Nach fünf Tagen war das Visum da. Malkin stieg noch am selben Tag ins Flugzeug, nicht wissend ob er seinen Traum sich würde erfüllen können und ob er jemals wieder seine Heimat und seine Familie wiedersehen würde, das große Ziel NHL jedoch fest im Blick.
In Los Angeles erwartete ihn sein neues Leben – und eine völlig neue Welt: Die Schrift, die Sprache, die Metropole Los Angeles – und selbst alltäglichste Dinge wie Geld abheben oder sich in der Stadt zurechtfinden stellten ihn vor sehr große Herausforderungen. Nach drei Wochen Training reiste er alleine nach Pittsburgh zu seinem neuen Team – und wurde in der Steel City herzlich empfangen. Noch am gleichen Abend war er bei Club-Präsident Mario Lemieux zu einem Essen eingeladen, an dem auch Sidney Crosby und der erfahrene russische Verteidiger Sergej Gonchar teilnahmen. Letzter bot Malkin an, erstmal bei ihm wohnen zu können, um ihm den Einstieg in die neue Welt zu erleichtern.

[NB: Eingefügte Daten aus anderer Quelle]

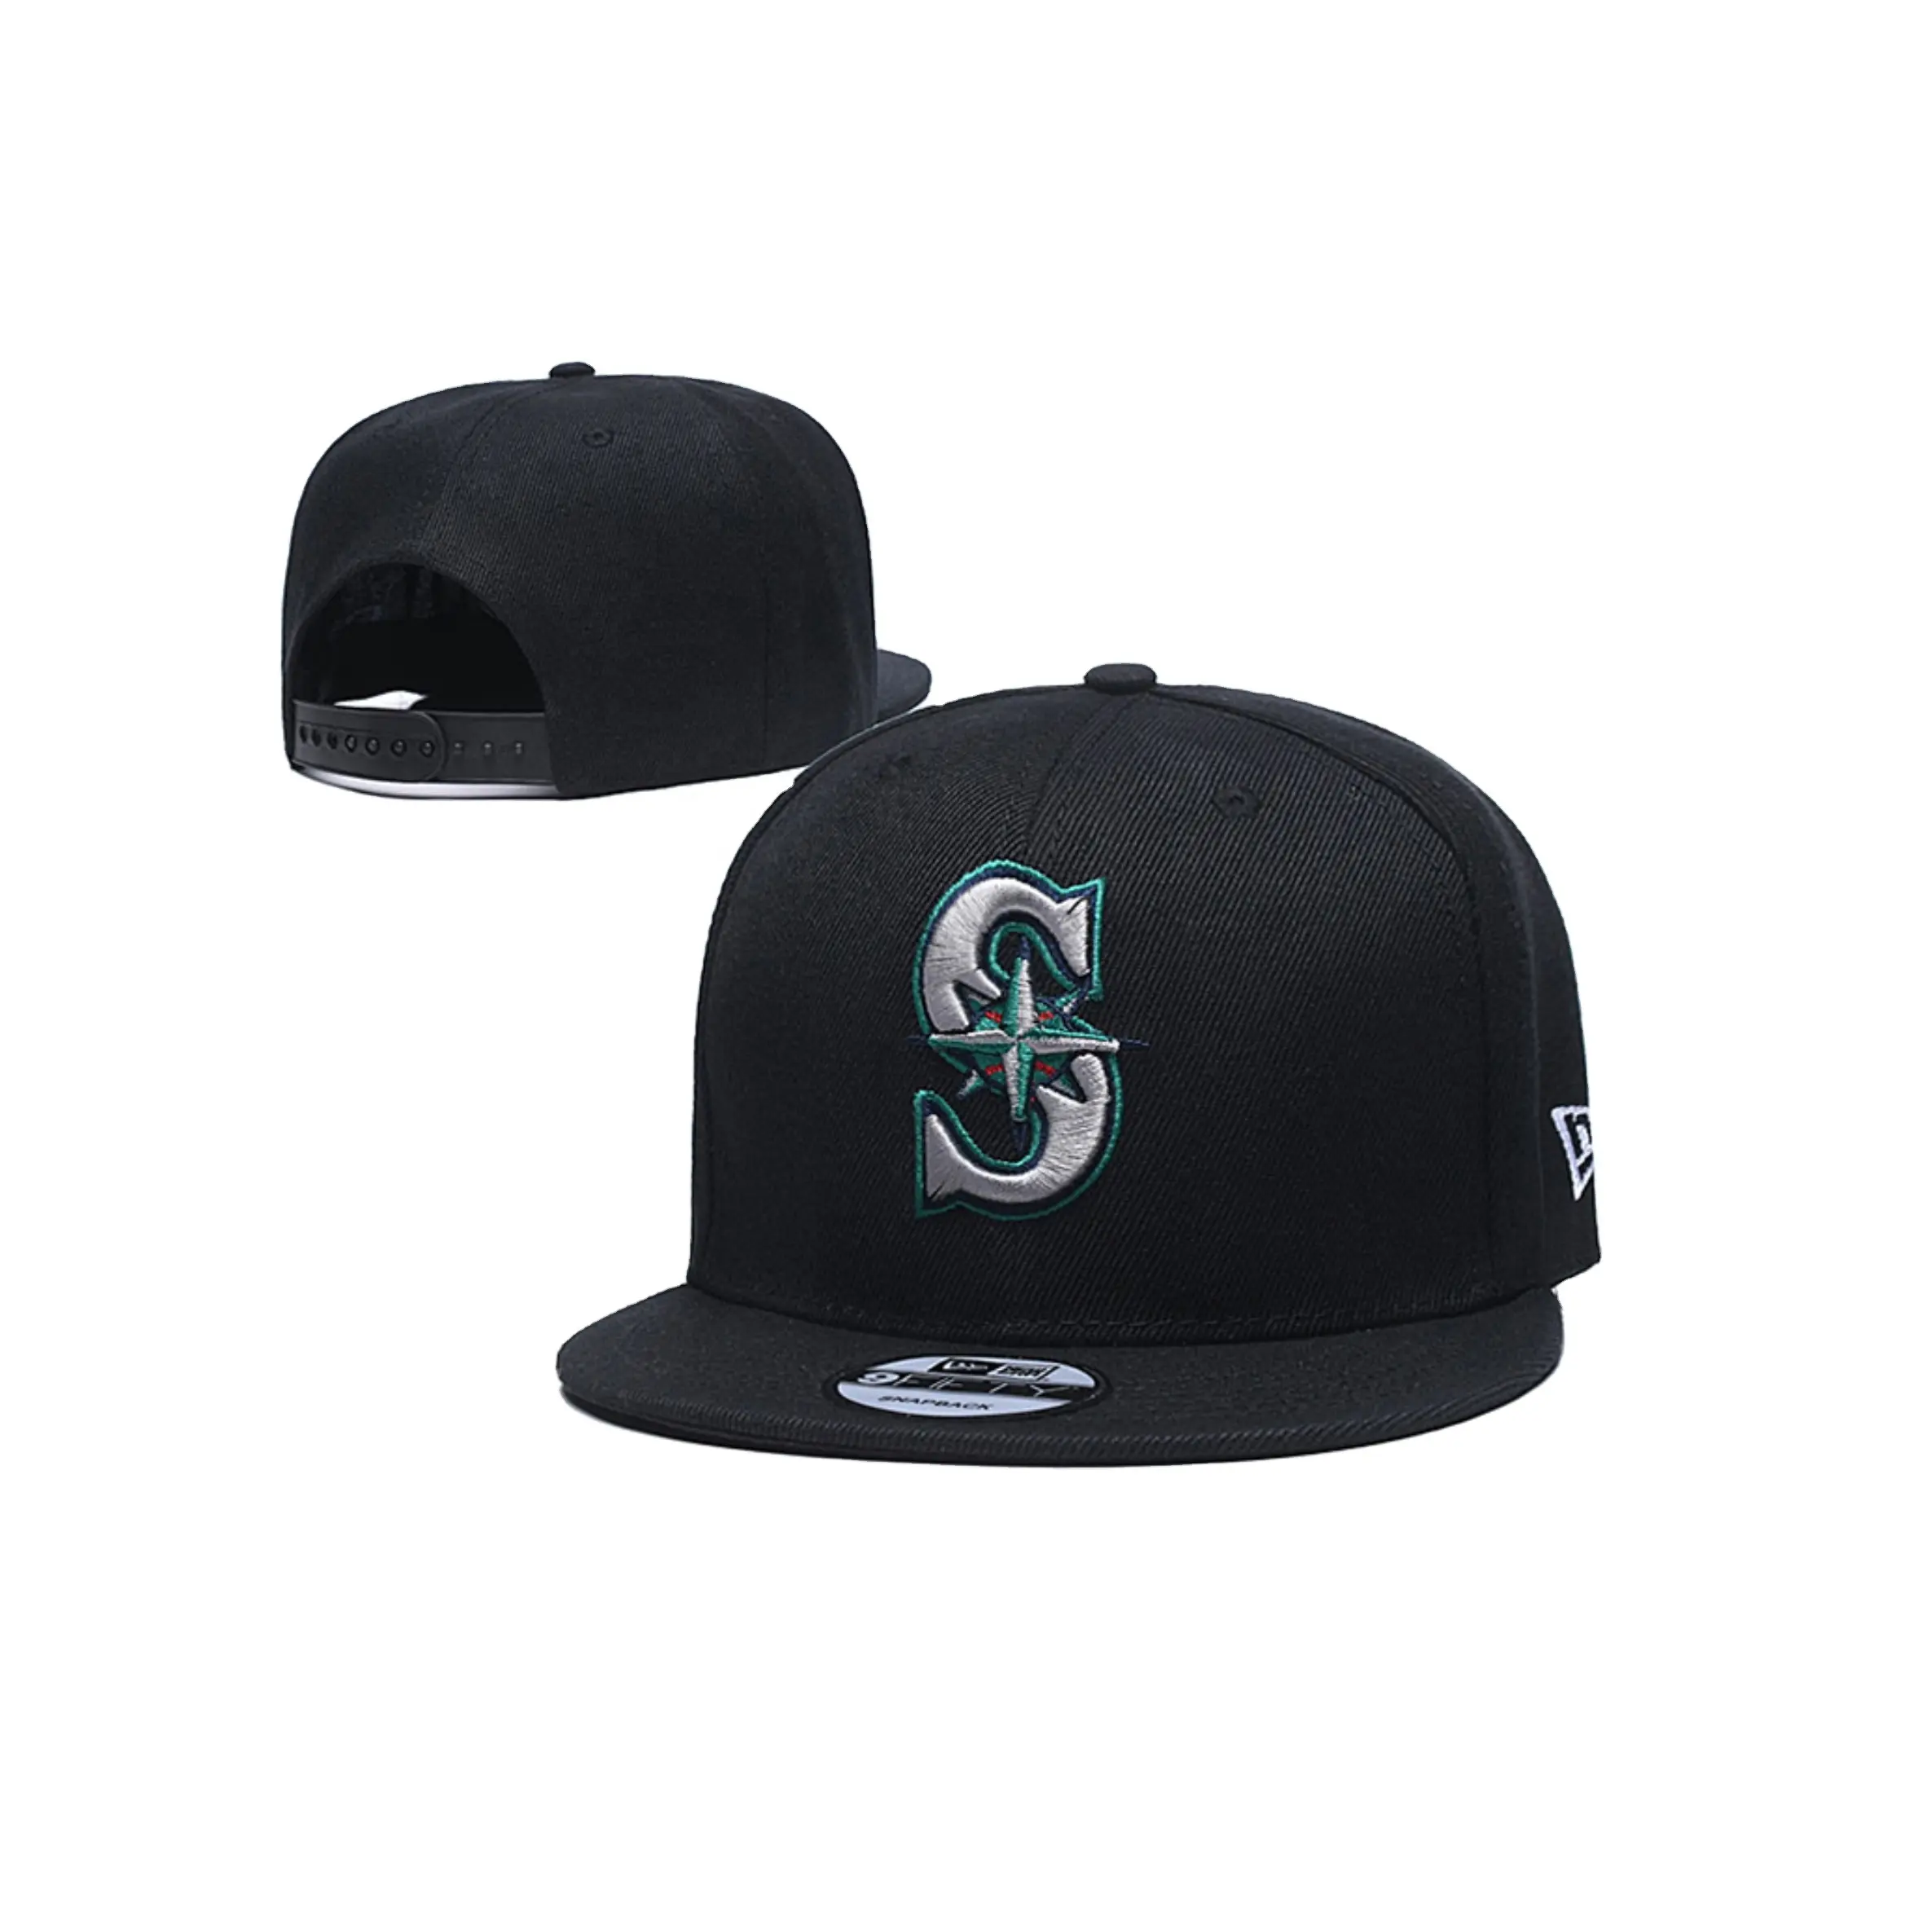 3D Embroidery New Designer Era Cheap Fitted Hats Snapback Cap Designer Baseball Sports Caps Custom Hats

So konnte Jewgeni Malkin gut zwei Monate nach seiner Flucht aus seiner russischen Heimat sein erstes NHL-Spiel gegen die New Jersey Devils absolvieren – und traf gleich gegen Torwart-Legende Martin Brodeur. In der Saison machte Malkin mehr als 80 Punkte und gewann die Calder-Trophy für den besten Rookie. Es folgten zahlreiche weitere Auszeichnungen (MVP, bester Scorer) – und drei Stanley Cups mit den Penguins, 2009 an der Seite Gonchars.

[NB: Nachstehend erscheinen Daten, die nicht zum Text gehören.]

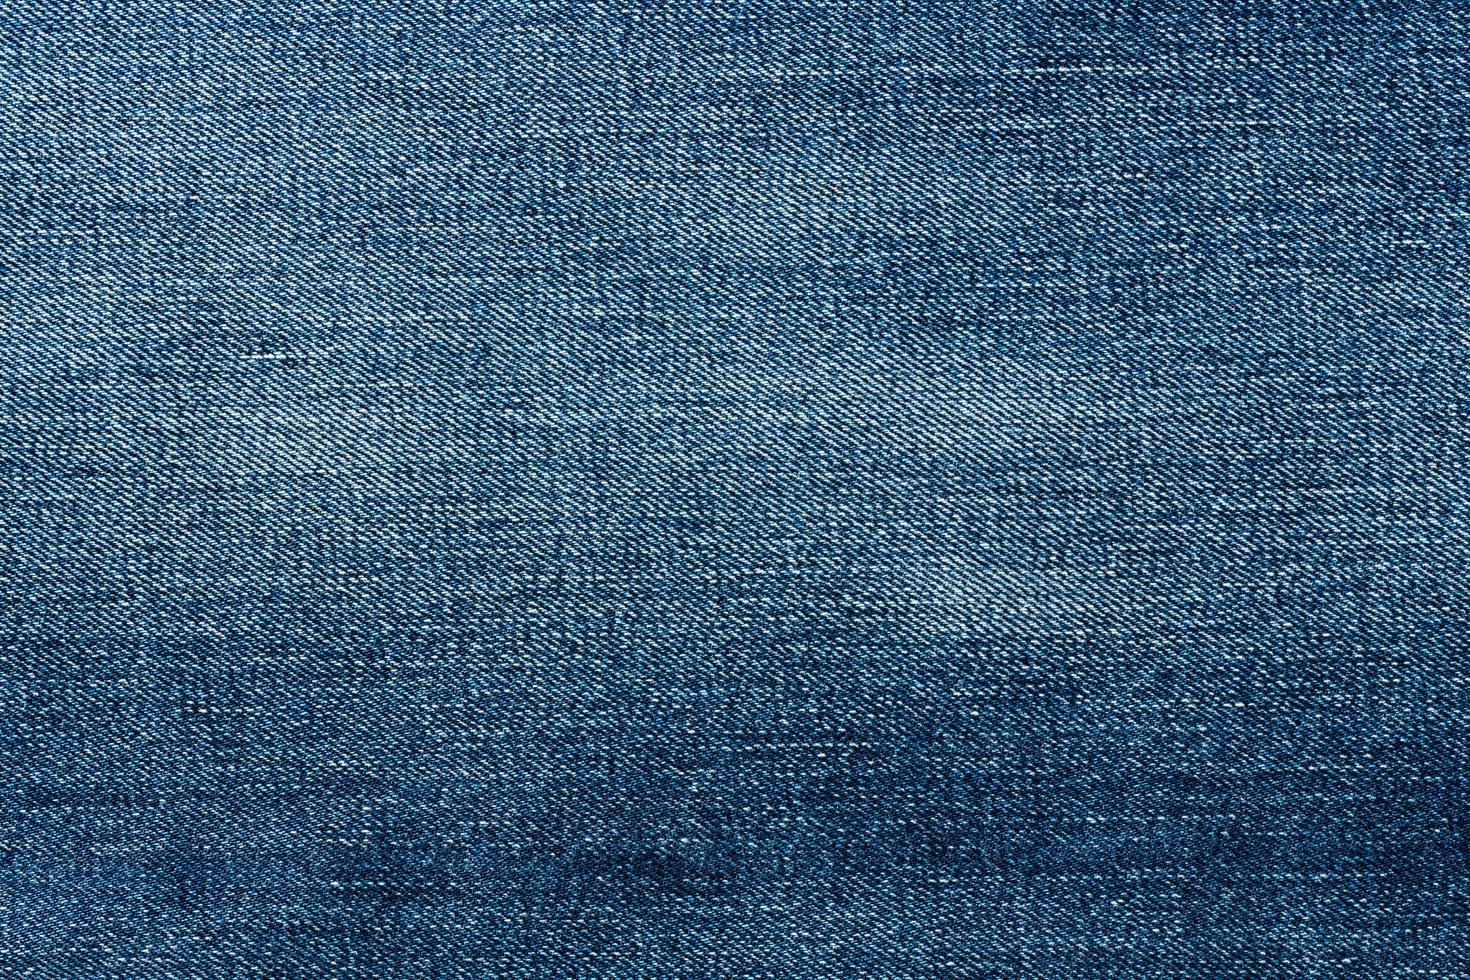 Blue denim jean texture photo

Im Sommer 2007 kehrte er nach Russland zurück, um seine Familie zu wieder zu sehen. Zwischenzeitlich hatten sich die Wogen geglättet. Malkin hatte man verziehen, Club-Boss Rashnikov empfing ihn sogar persönlich am Flughafen mit einer herzlichen Umarmung. Ende gut, alles gut!

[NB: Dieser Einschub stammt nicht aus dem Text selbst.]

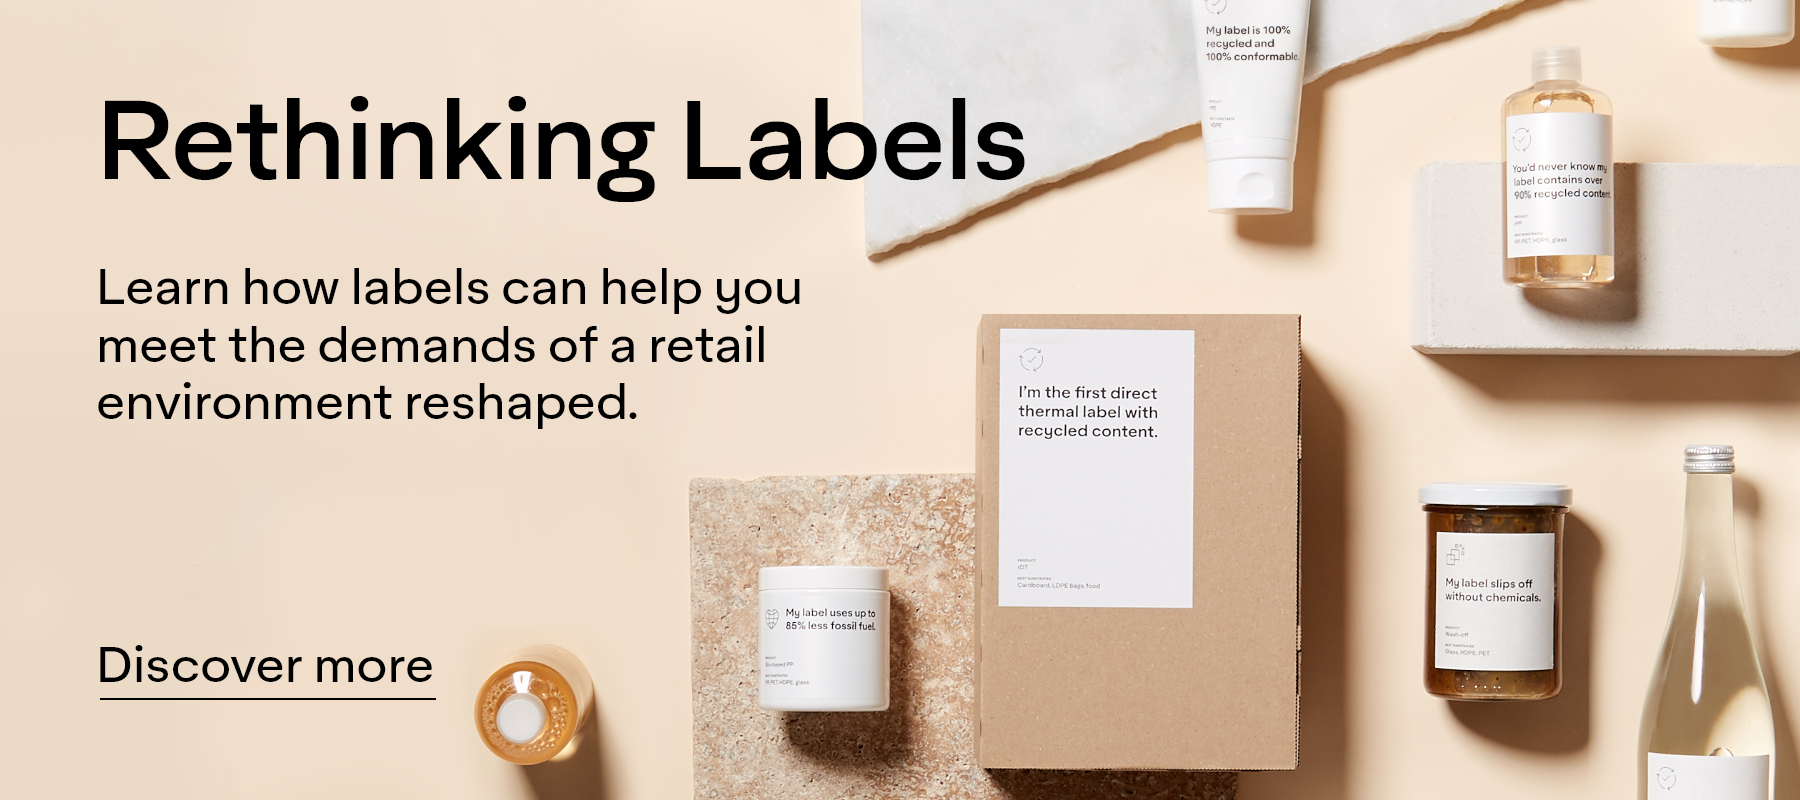 Rethinking Labels

Nun hat Malkin als 88. Spieler der NHL-Geschichte die magische 1000-Punkte-Marke erreicht . Vor ihm haben das in der mehr als 50jährigen Franchise-Historie der Penguins nur Mario Lemieux, Jaromir Jagr und Sidney Crosby. Malkin benötigte dafür nur 848 Spiele. Kaum zu glauben, dass es zwischenzeitlich beinahe aussichtslos erschien, dass er jemals auch nur ein einziges NHL-Spiel würde absolvieren können.
In diesem Sinne: Congratulations, Geno!